Containers and the cloud-native era are not about machines. We care about applications, APIs, and services. Some machines will still exist for a long time but you don't want to build your architecture around them.
However, in modern systems we rarely think about connecting machines, or virtual machines, or even containers really. Instead we’re concerned with connecting microservices. So rather than machines and wires, we think in terms of cloud services, APIs and the higher level protocols and the systems used to connect them. The past was IP addresses, ports, vNICs and VLANS. Now it is service identity, gRPC, Kafka, distributed data stores, remote APIs, etc.
-- Martin Casado, Creator of SDN, Partner, a16z
What makes eBPF and thus Cilium such a great fit to address the new cloud native challenges?
The programmability of eBPF makes it possible to adjust to the quickly evolving cloud-native requirements and tackle the increase in scale with ease. Here is an example on how the programmability of eBPF lead Google to adopt Cilium as its new networking dataplane for GKE:
As more and more enterprises adopt Kubernetes, the gamut of use cases is widening with new requirements around multi-cloud, security, visibility and scalability. In addition, new technologies such as service mesh and serverless demand more customization from the underlying Kubernetes layer. These new requirements all have something in common: they need a more programmable dataplane that can perform Kubernetes-aware packet manipulations without sacrificing performance.

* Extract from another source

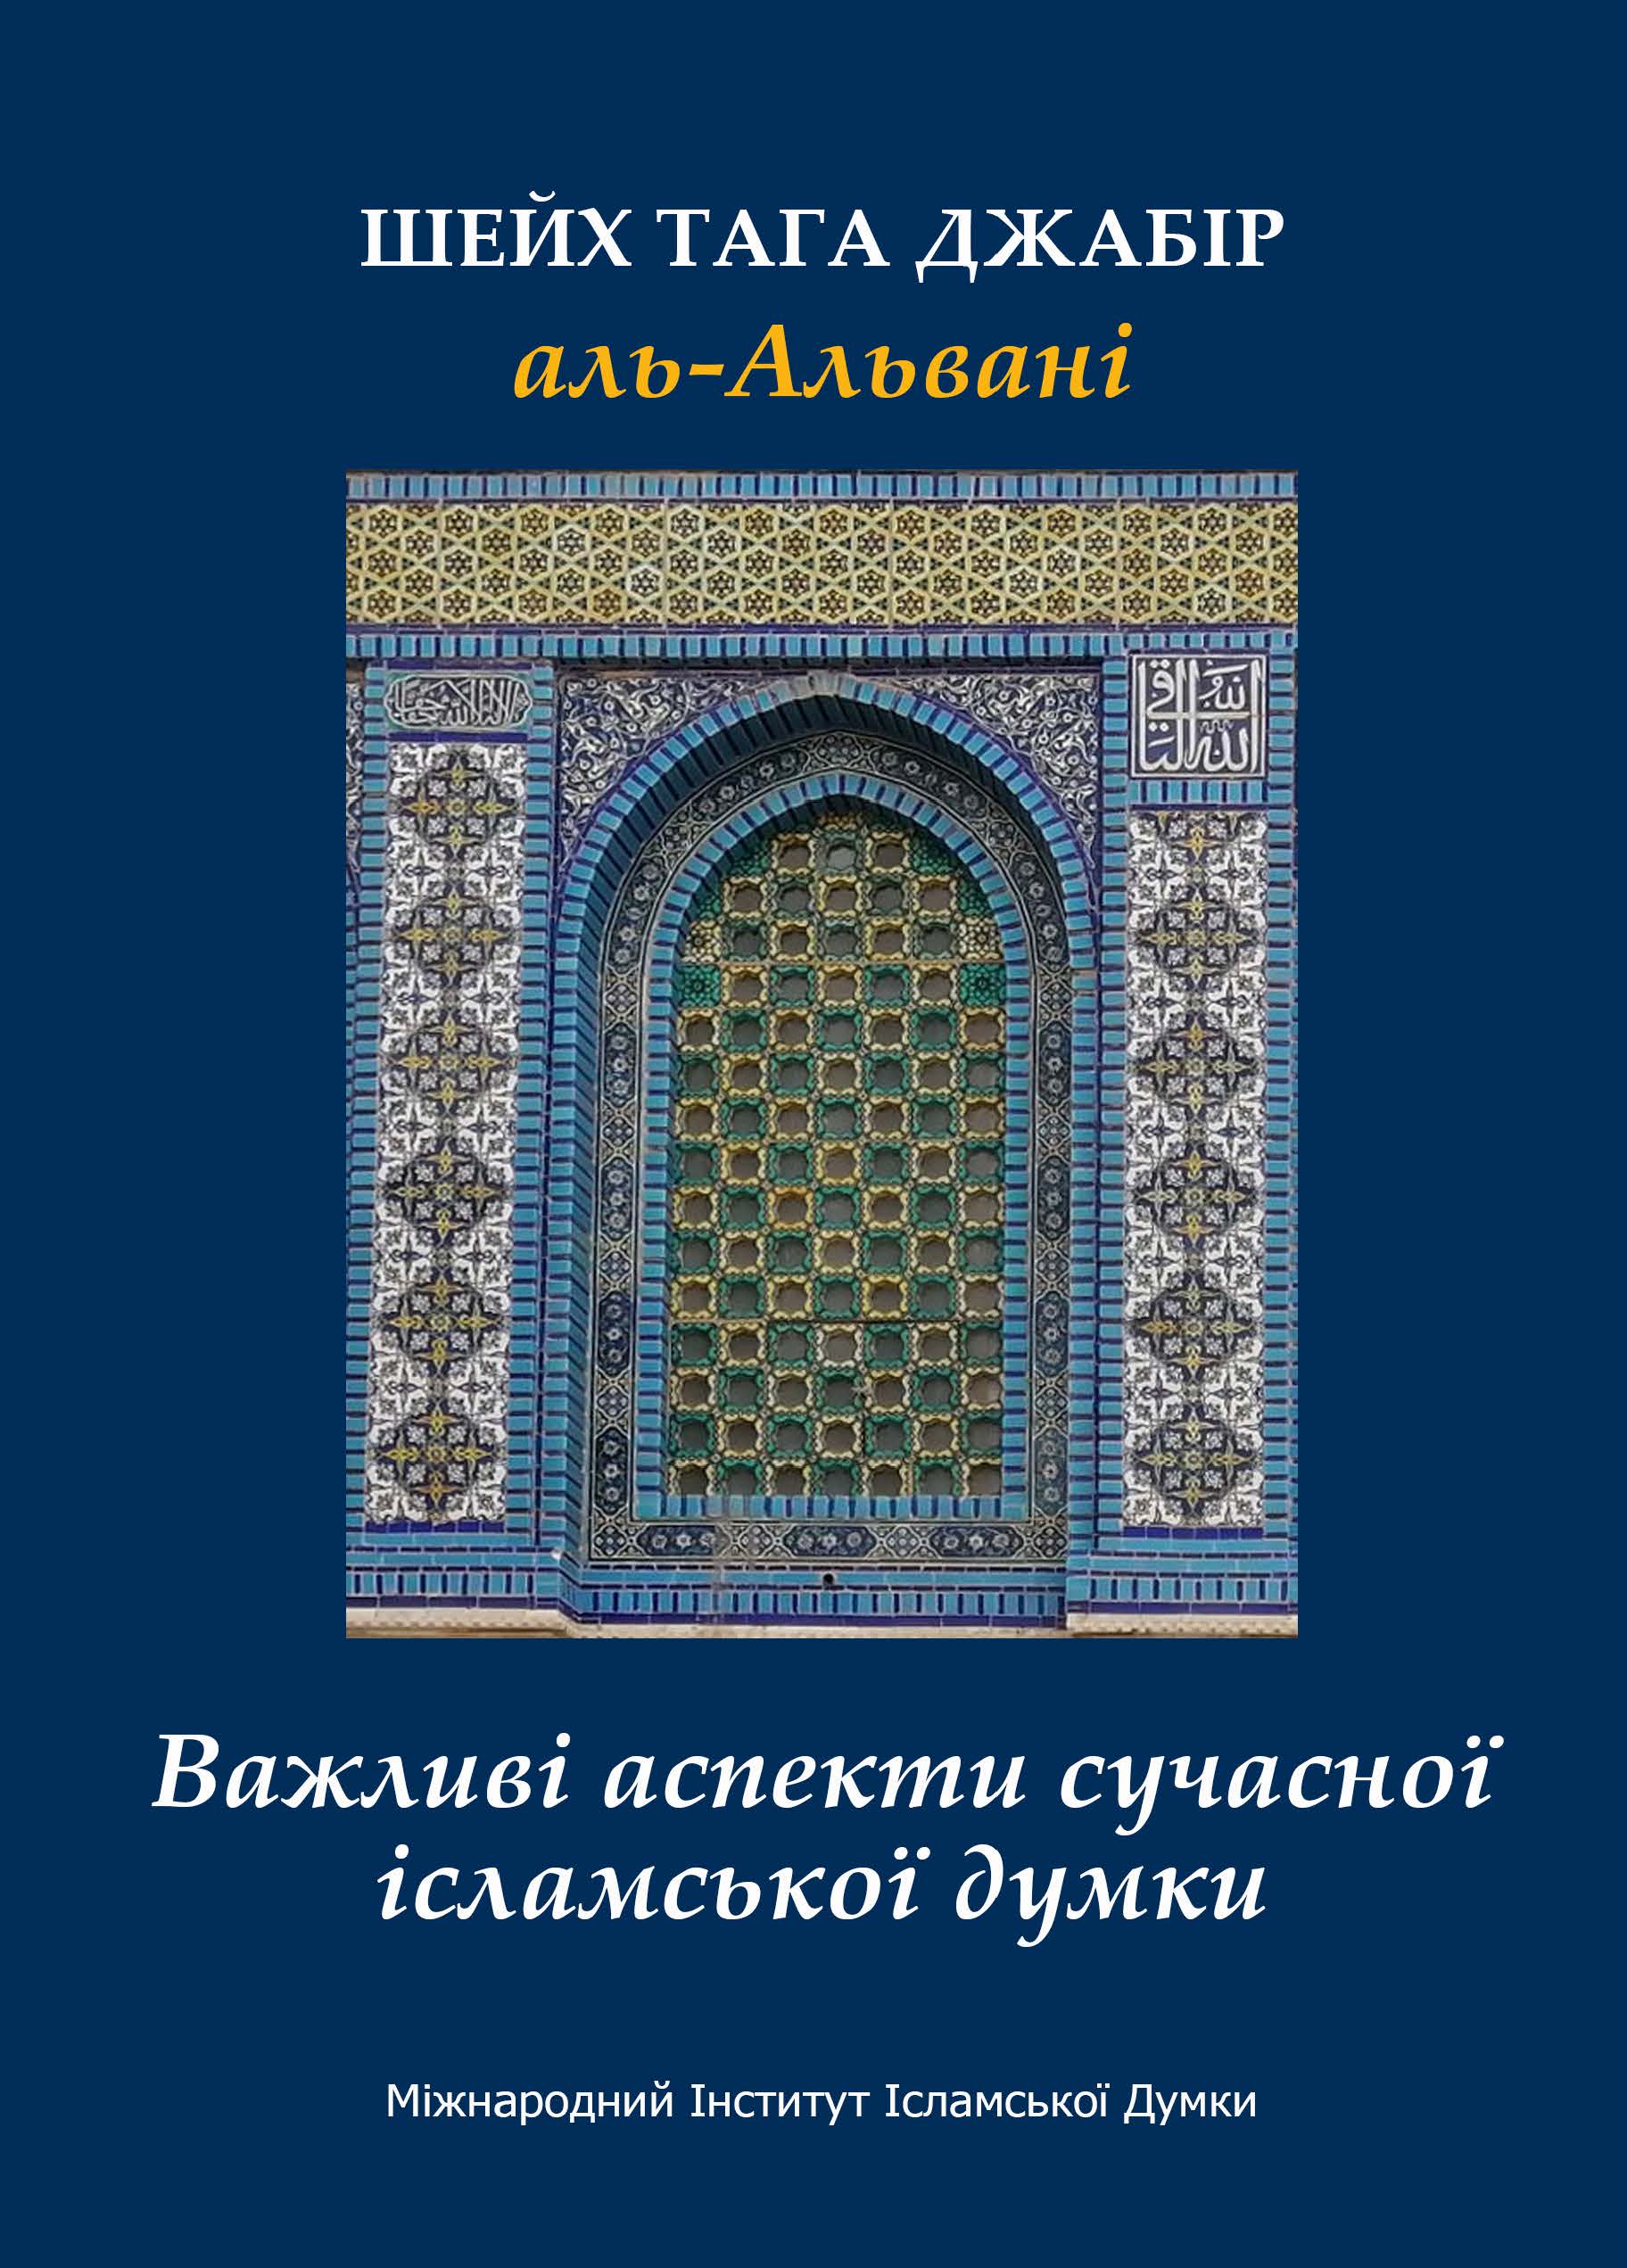 Ukrainian: Важливі аспекти сучасної ісламської думки (Issues in Contemporary Islamic Thought)

Enter Extended Berkeley Packet Filter (eBPF), a new Linux networking paradigm that exposes programmable hooks to the network stack inside the Linux kernel.
-- Gobind Johar, Product Manager, Google Kubernetes Engine
Even more important, eBPF is not networking specific or tied to a particular domain. The generic nature of eBPF not only attracts a much bigger community to innovate, it also avoids making premature assumptions about what building blocks are required to solve future problems. This is a massive advantage over any networking specific programmability solution such as iptables, Open vSwitch, or nftables.
Some of you may correctly state that programmability already existed in the form of user-space networking. The unique new aspect of eBPF's programmability is being embedded in the Linux kernel. Applications use system calls to interact via the network and the Linux kernel is responsible to handle these system calls. In order for a user-space networking framework to remain transparent to the application, it still has to traverse the socket layer of the Linux kernel. eBPF avoids this by remaining in the kernel altogether.
The reason why this was not more important before is because with virtual machines, the hypervisor created a natural boundary between the network device of the metal machine and the sockets of the operator system inside the VM. With containers, this all happens in the same kernel.
Why not just load a Linux kernel module then? It obviously provides arbitrary programmability at a very high efficiency. We could dive into the cost of maintaining kernel modules across kernel versions, but the major downside is more trivial: Safety while remaining efficient.
Buggy kernel code will crash your machine. The kernel is not protected from a buggy kernel module. I think people assumed that this is just how things are; that's the price to do kernel programming. eBPF changed this dogma. It brought safety to kernel programming.
-- Alexei Starovoitov, eBPF Co-Maintainer, Facebook
By requiring eBPF programs to pass through a verification process, eBPF programs are significantly more secure than loading a kernel module.
The efficiency is guaranteed by a Just in Time (JIT) compiler that ensures native execution speed of eBPF bytecode.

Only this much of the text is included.